-------- Supplied material

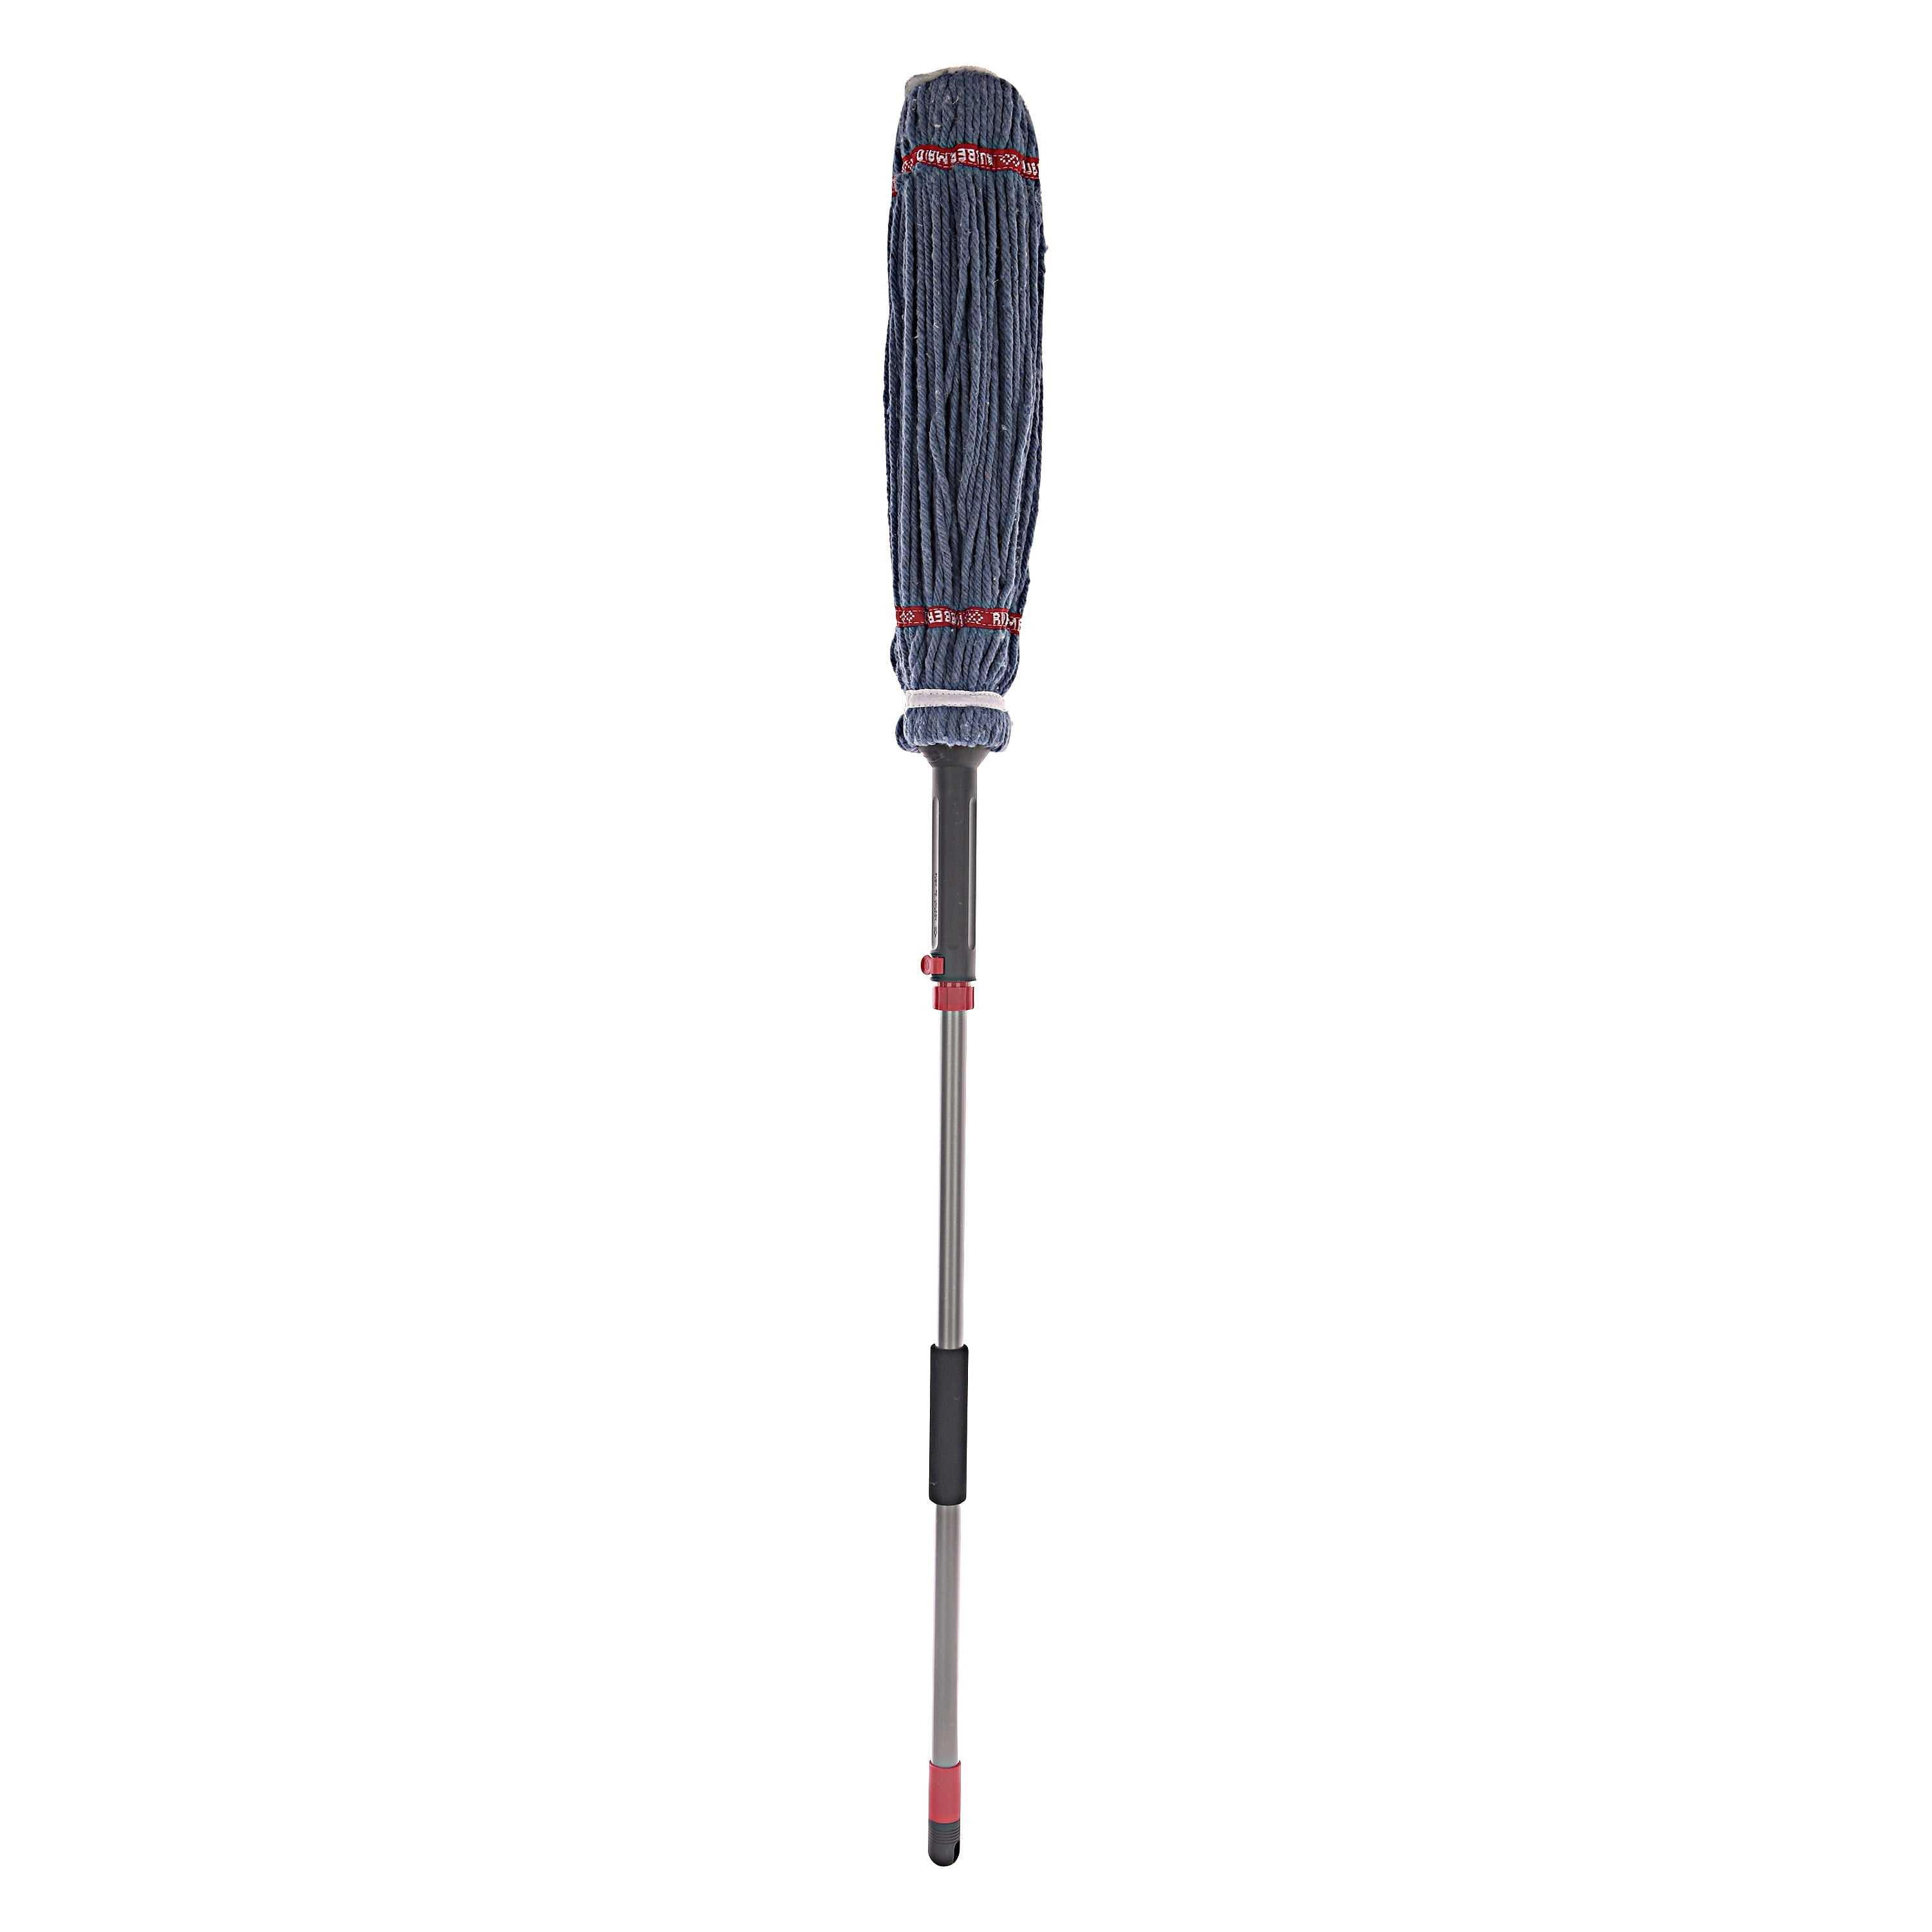 Rubbermaid MICROFIBER TWIST MOP in the Wet Mops department at
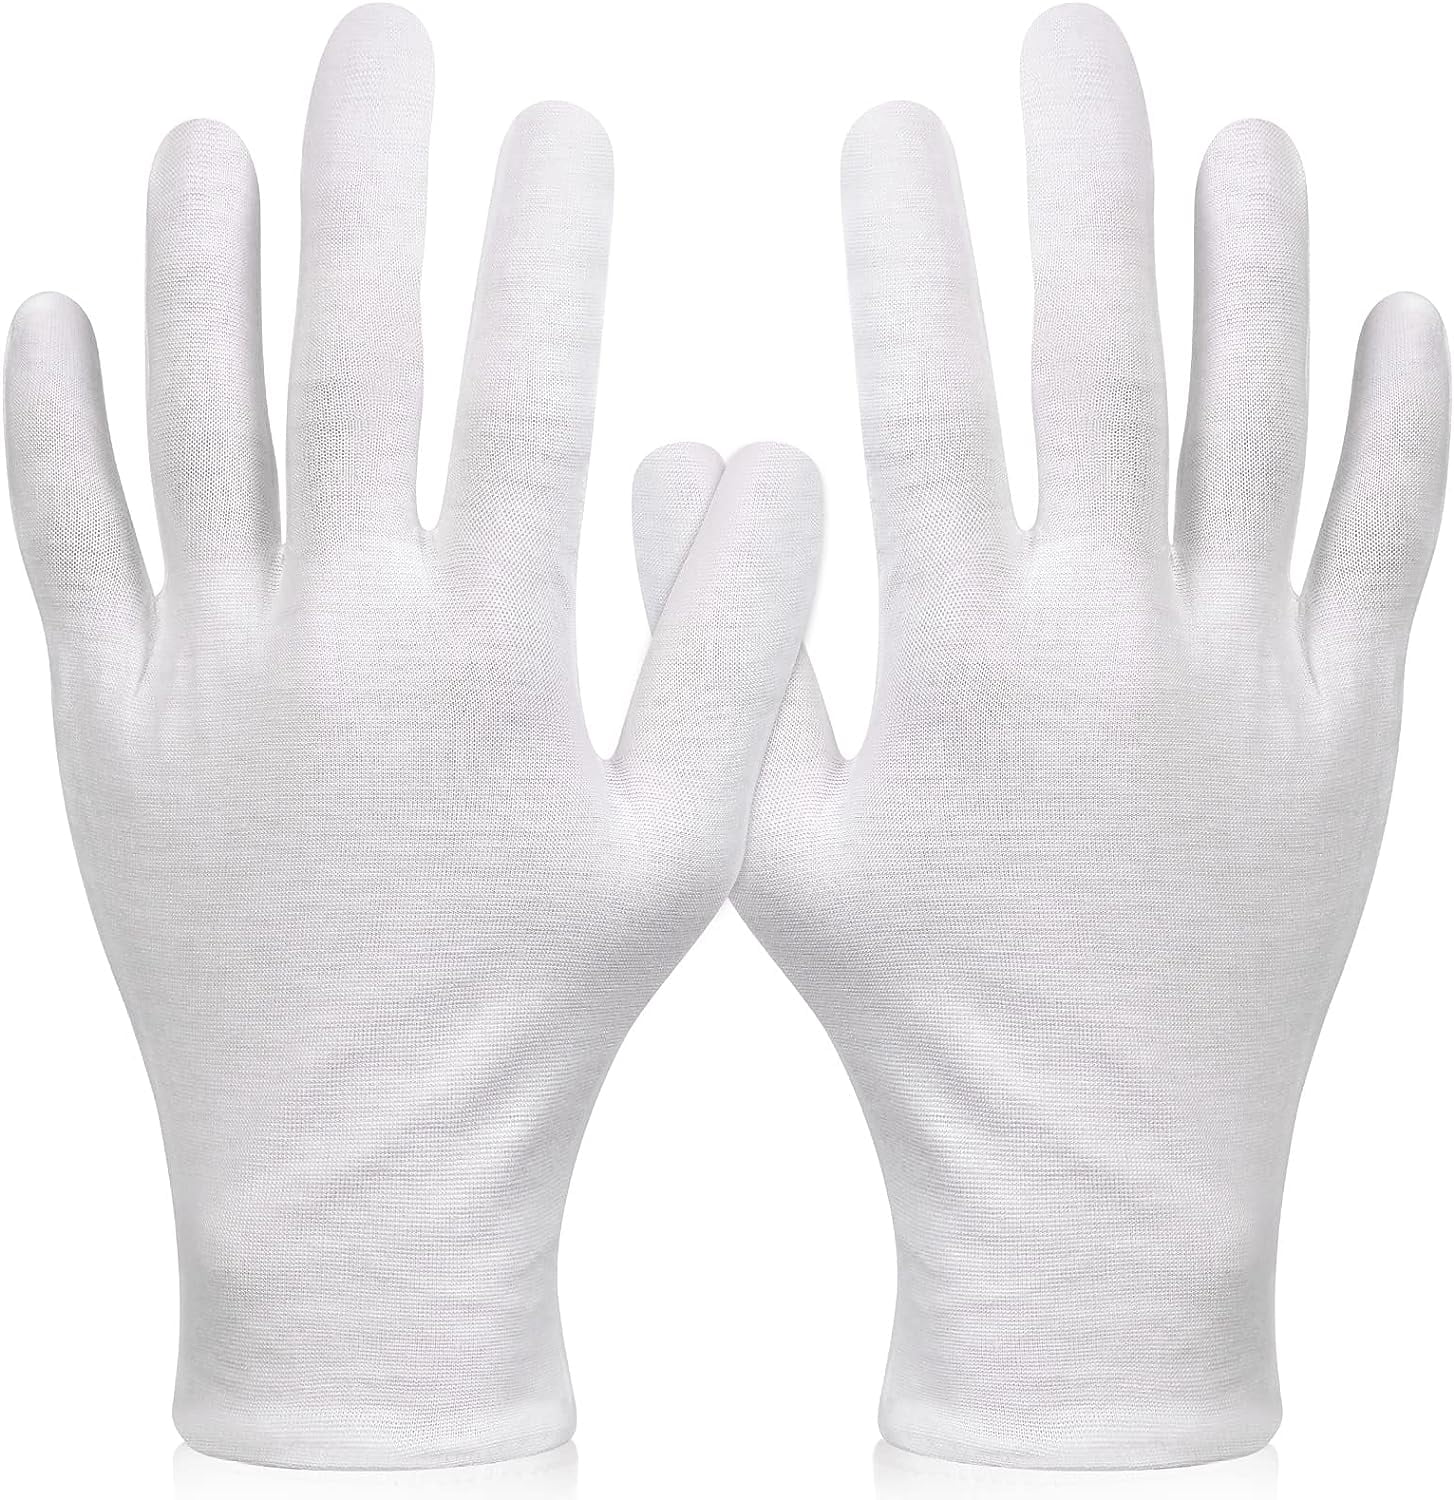 6 Pairs XL White Cotton Gloves for Dry Hand Moisturizing Cosmetic ...
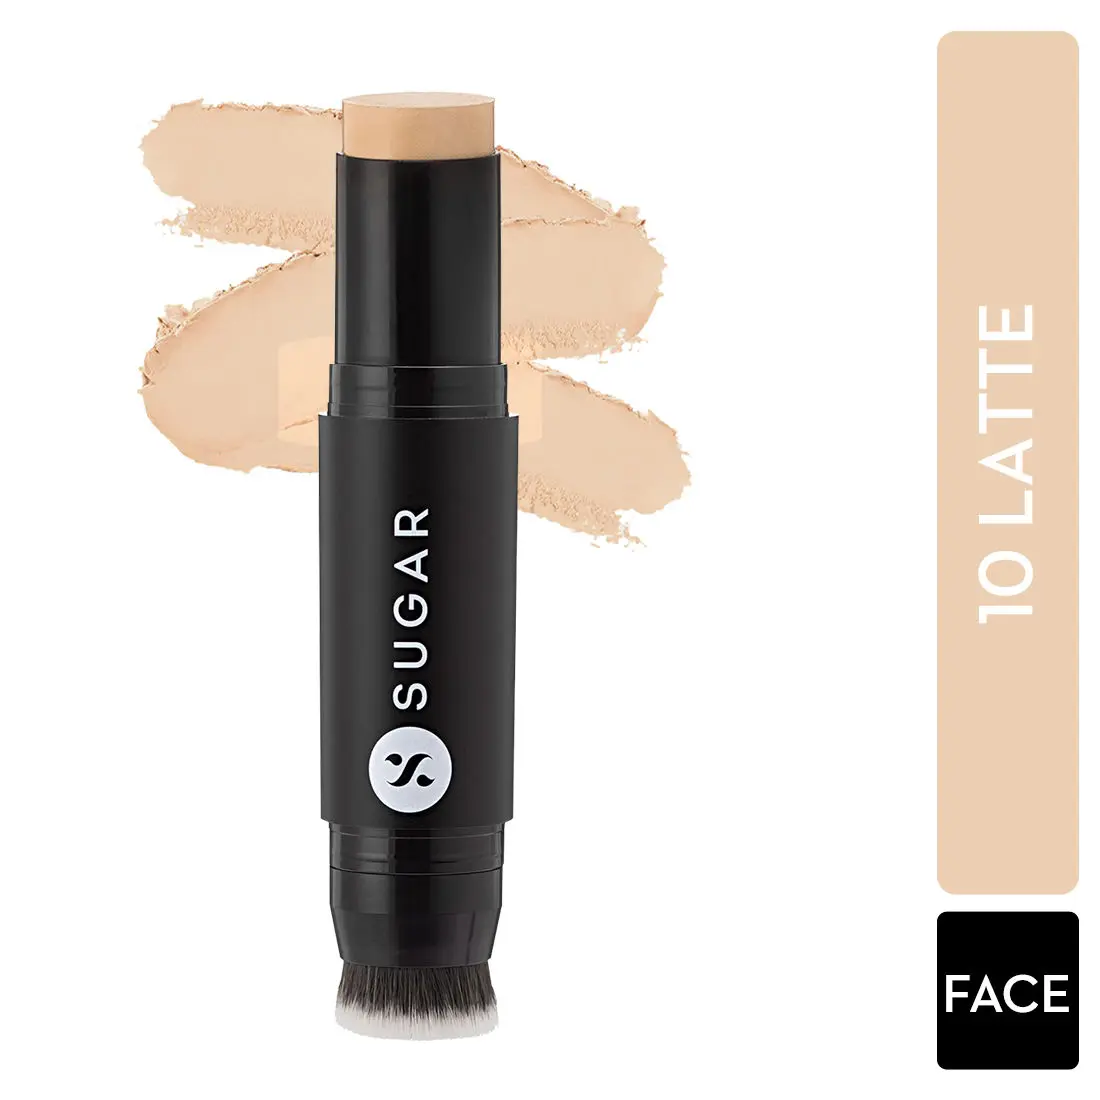 SUGAR Cosmetics - Ace Of Face - Foundation Stick - 10 Latte (Light Foundation with Warm Undertone) - Waterproof, Full Coverage Foundation for Women with Inbuilt Brush
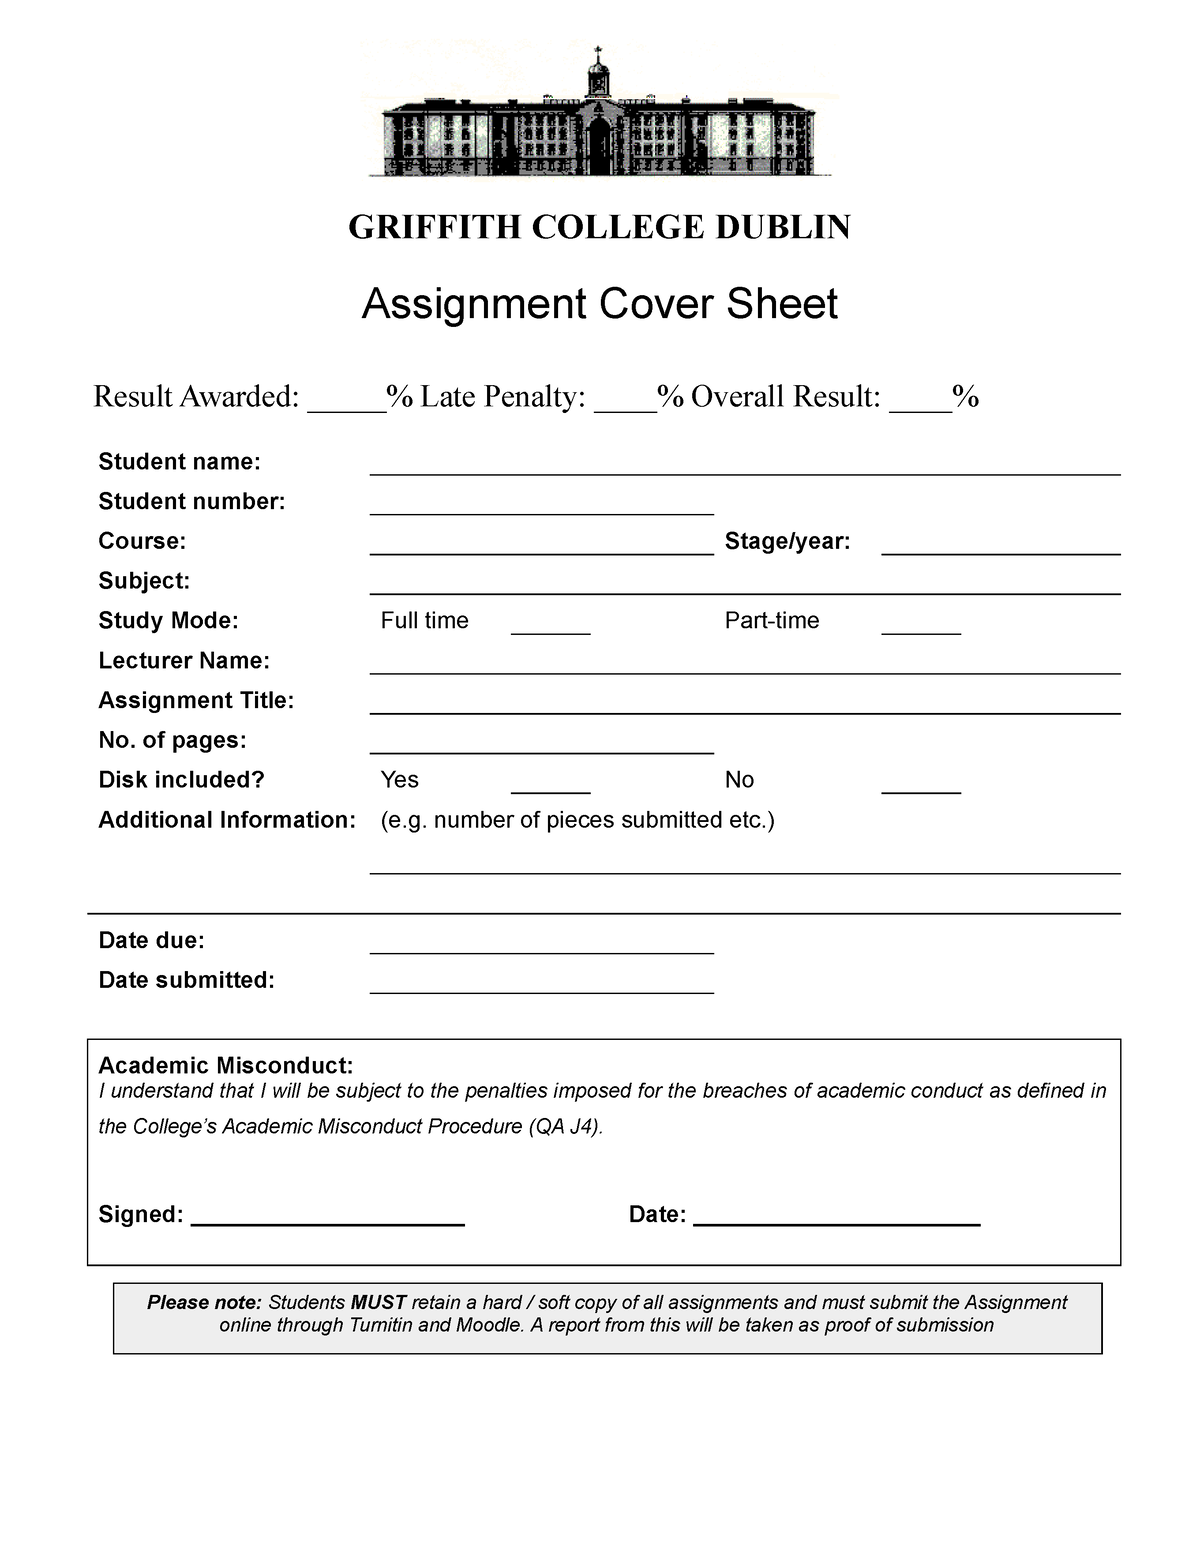 griffith university assignment format

----------------

#### Problem statement
Transcribe the whole listing exactly but exclude images.

#### Your solution
 Rubbermaid MICROFIBER TWIST MOP in the Wet Mops department at
 6 Pairs XL White Cotton Gloves for Dry Hand Moisturizing Cosmetic ...
 SUGAR Cosmetics - Ace Of Face - Foundation Stick - 10 Latte (Light Foundation with Warm Undertone) - Waterproof, Full Coverage Foundation for Women with Inbuilt Brush
 griffith university assignment format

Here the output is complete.